INPUT DATA:
^^^^^^^^^^^^^^^^

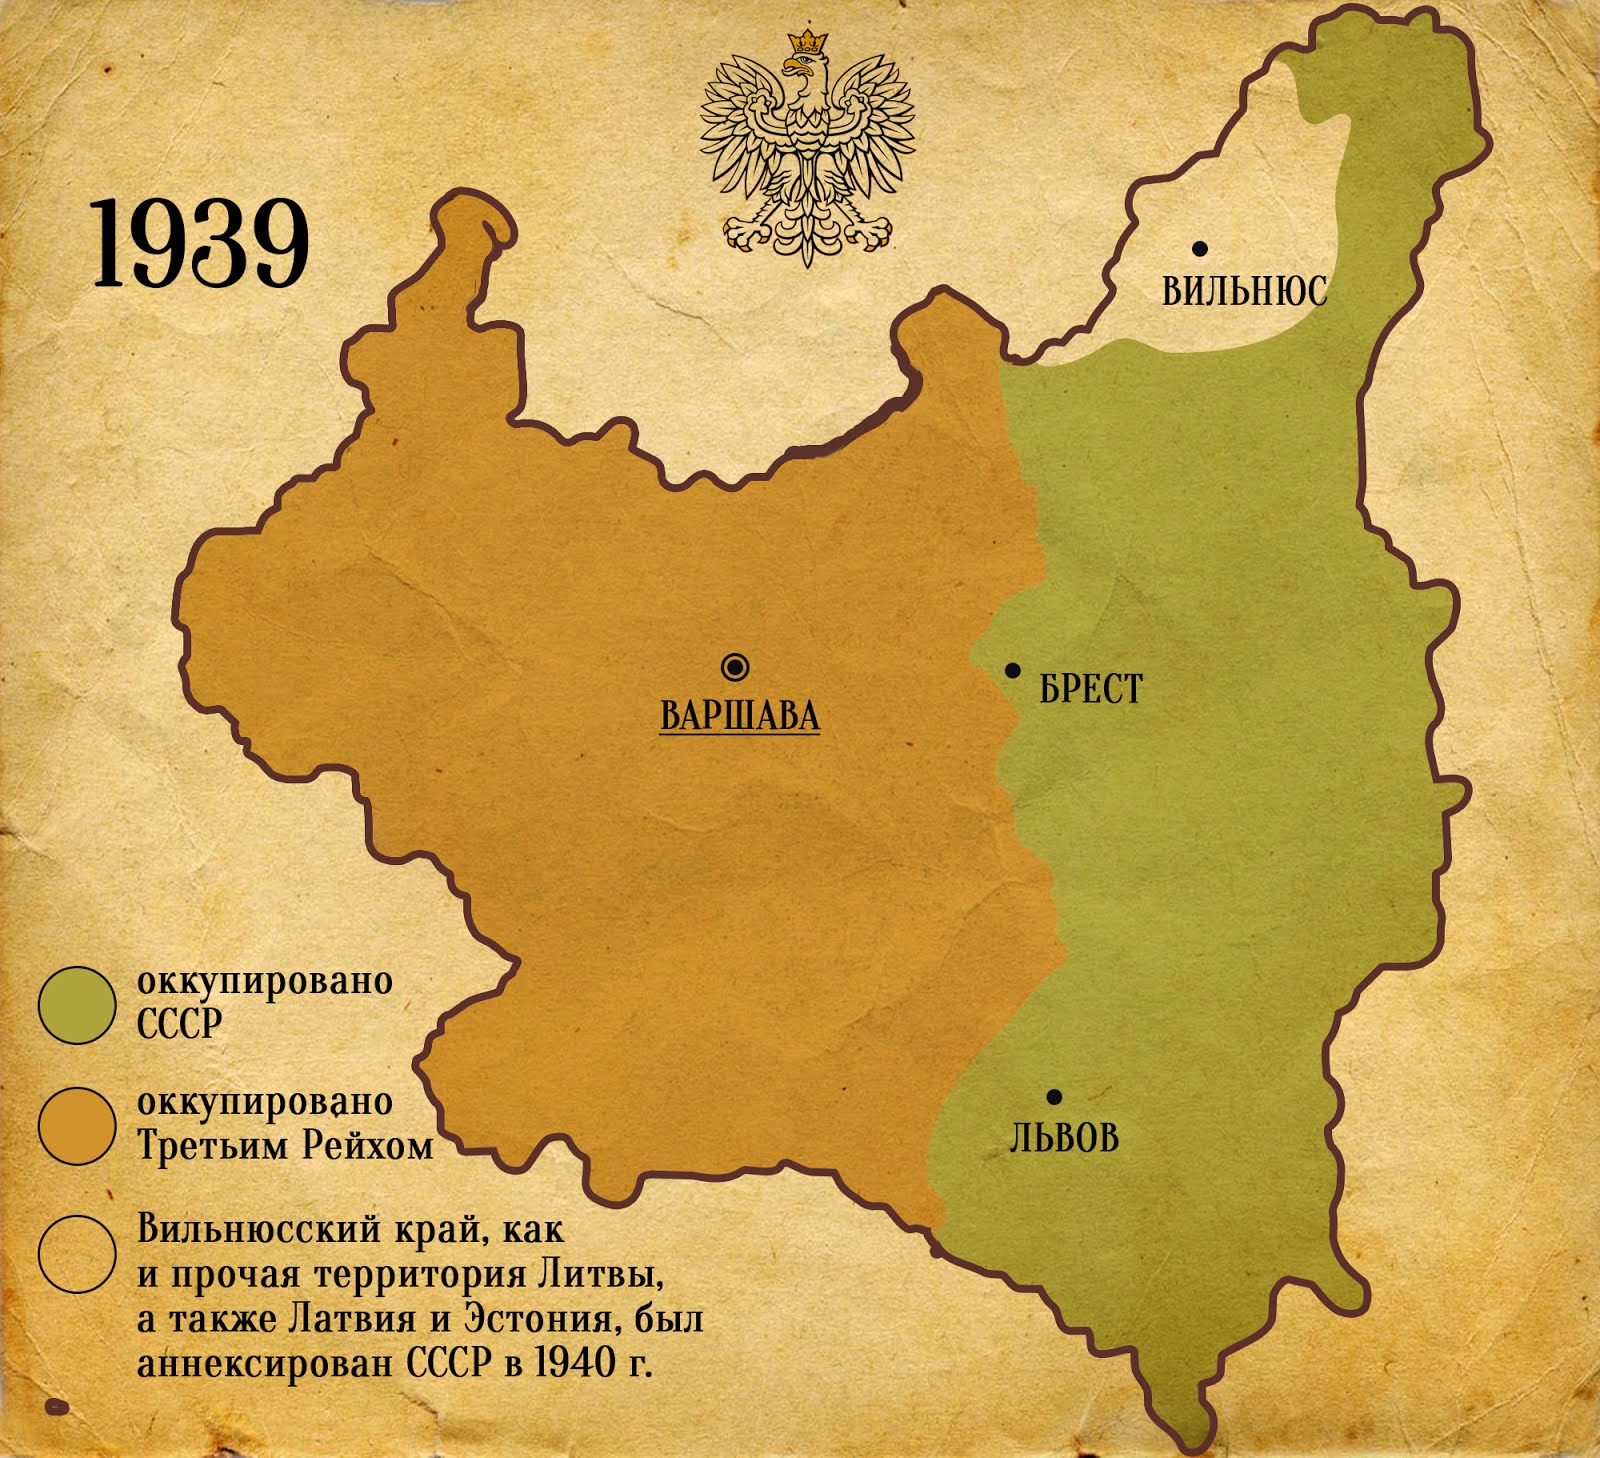 Карта польши 1939. Территория Польши 1939. Раздел Польши 1939 года карта. Территория Польши до 1939 года. Карта раздела Польши в 1939 году.
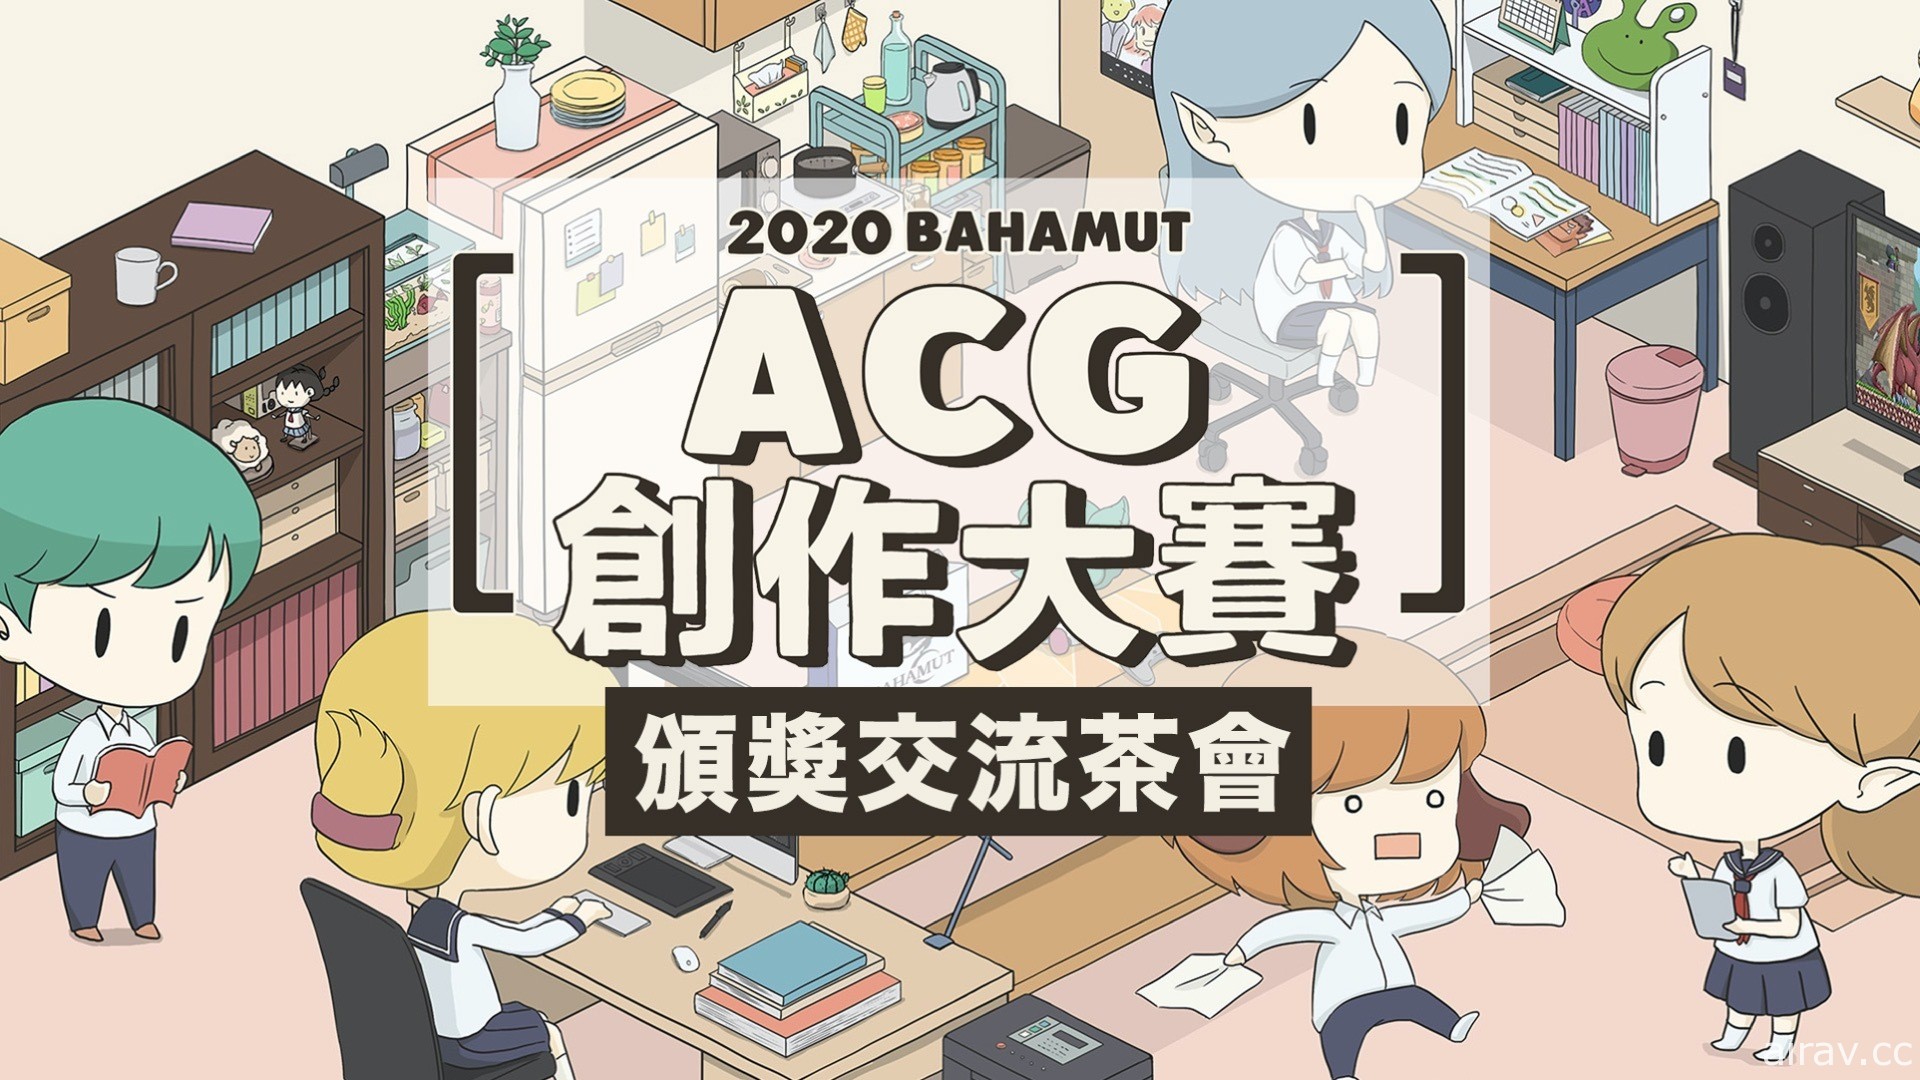 巴哈姆特 2020 ACG 创作大赛今颁奖 评审期许创作者为业界注入新活力
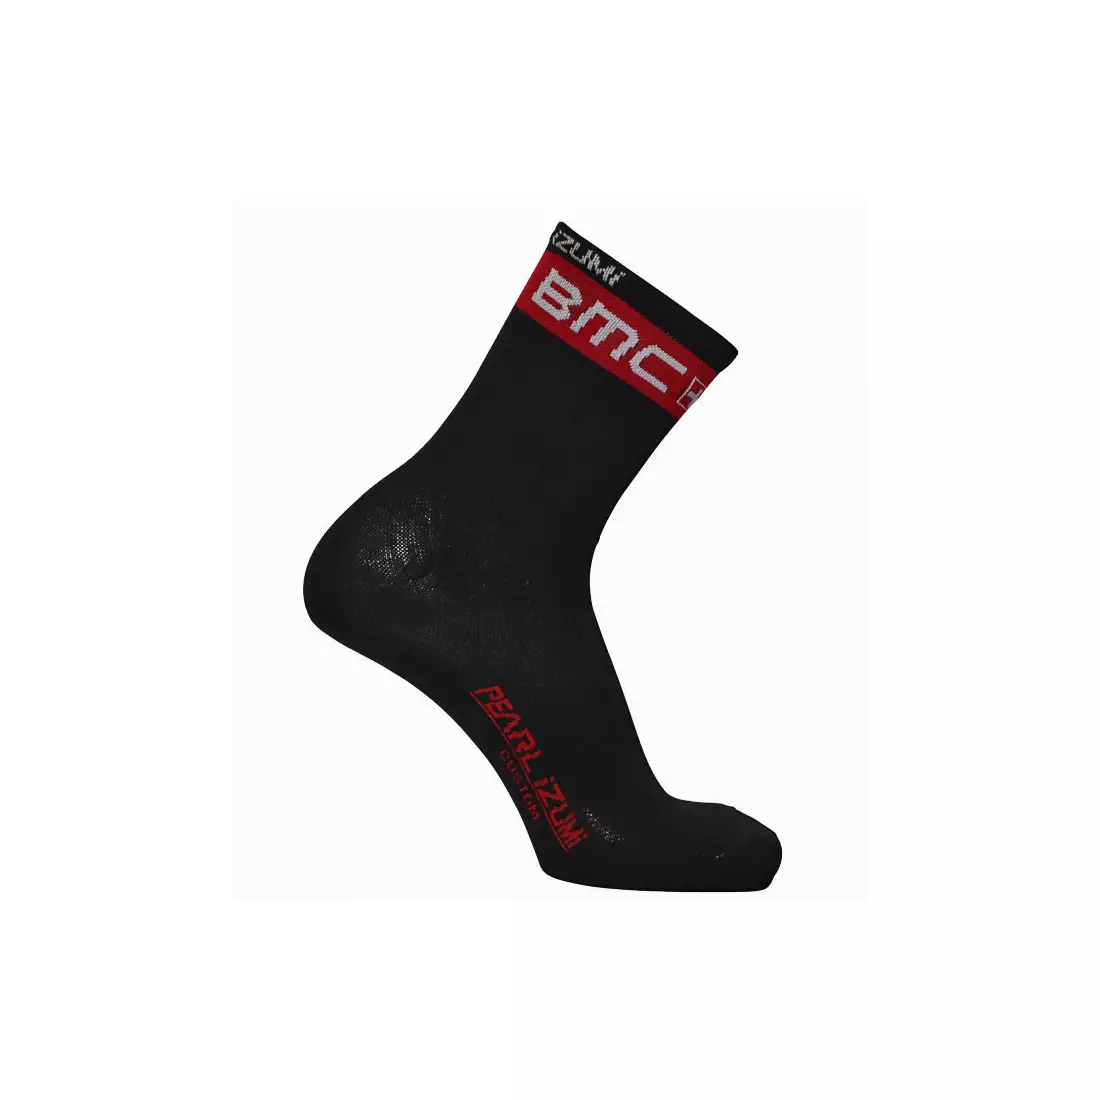 PEARL IZUMI ELITE BMC team cycling socks CA045
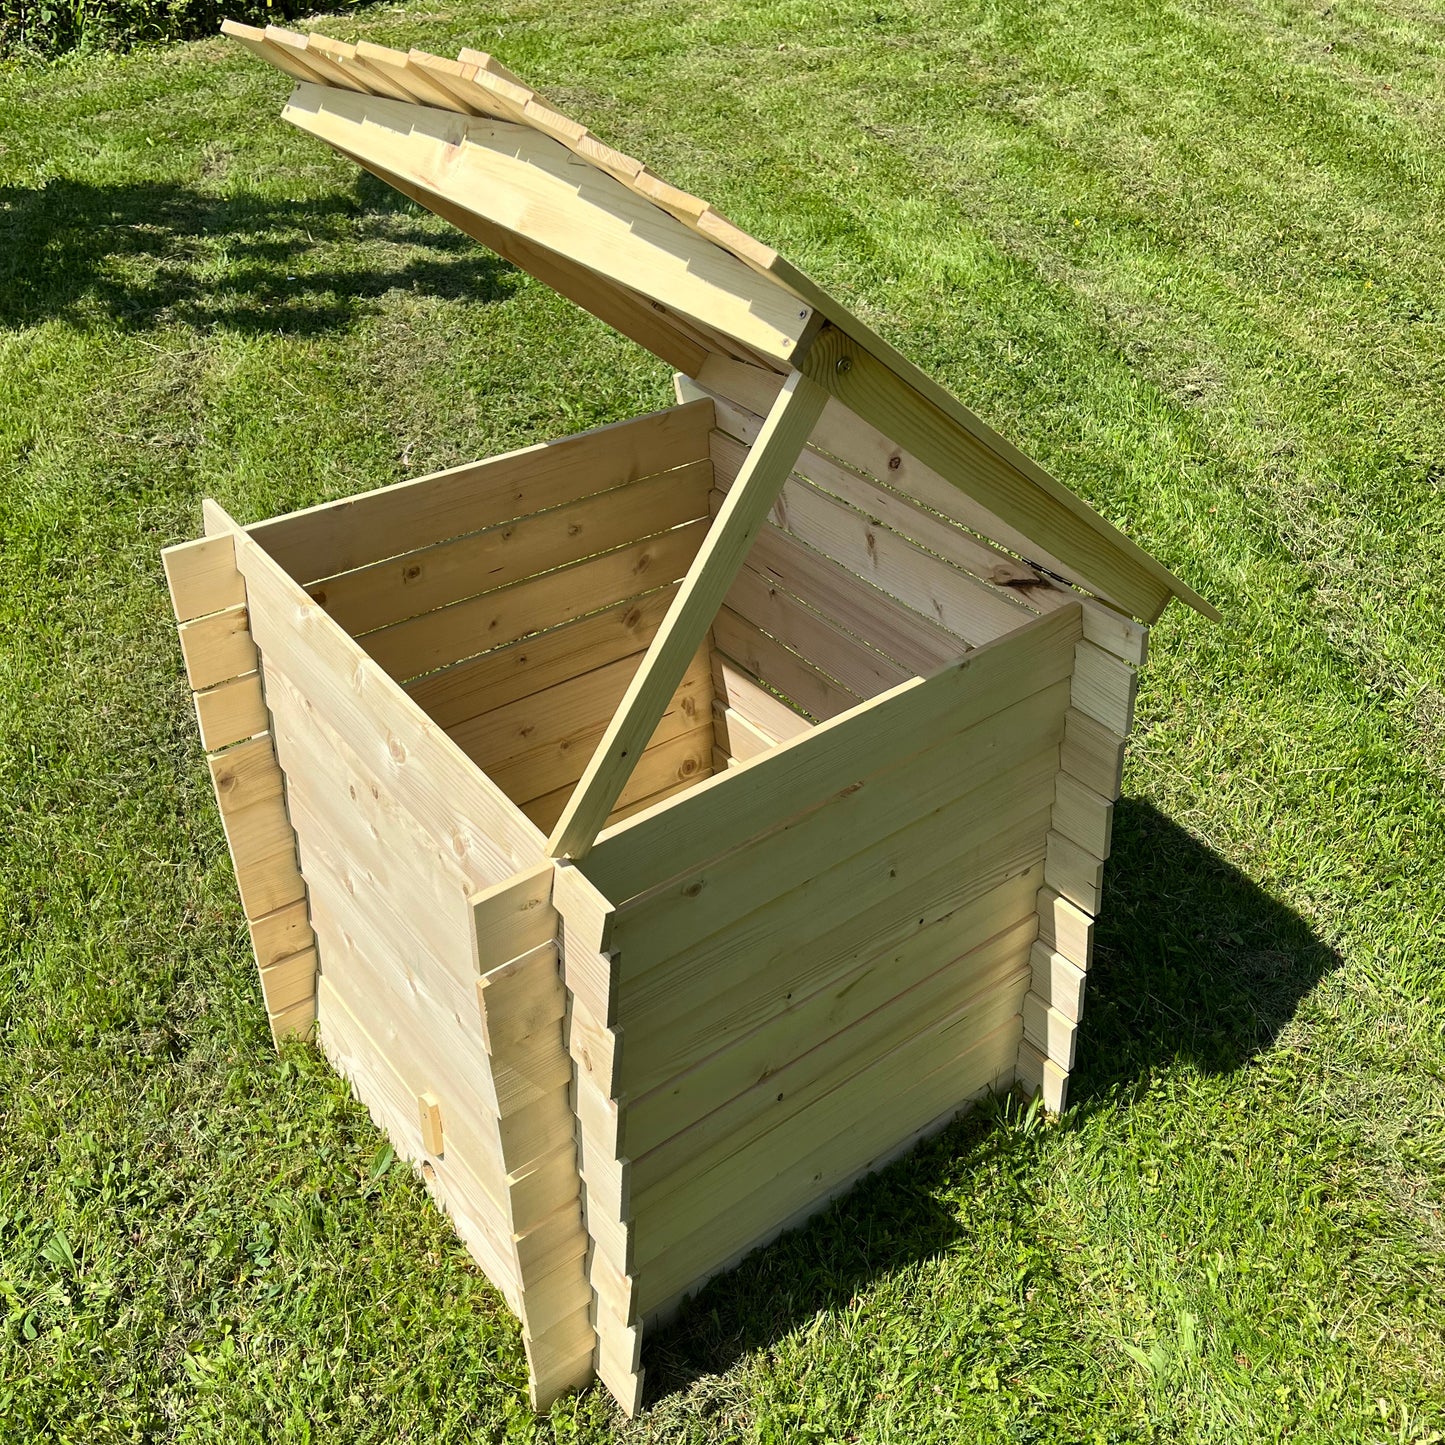 Wooden Beehive Slatted Garden Composter (74cm x 80cm)

^^^^^^^^^^^^^^^^

Return, exactly as they stand, all of the lines above, but not the pictures.

SOLUTION:
 Карта польши 1939. Территория Польши 1939. Раздел Польши 1939 года карта. Территория Польши до 1939 года. Карта раздела Польши в 1939 году.
 巴哈姆特 2020 ACG 创作大赛今颁奖 评审期许创作者为业界注入新活力
 PEARL IZUMI ELITE BMC team cycling socks CA045
 Wooden Beehive Slatted Garden Composter (74cm x 80cm)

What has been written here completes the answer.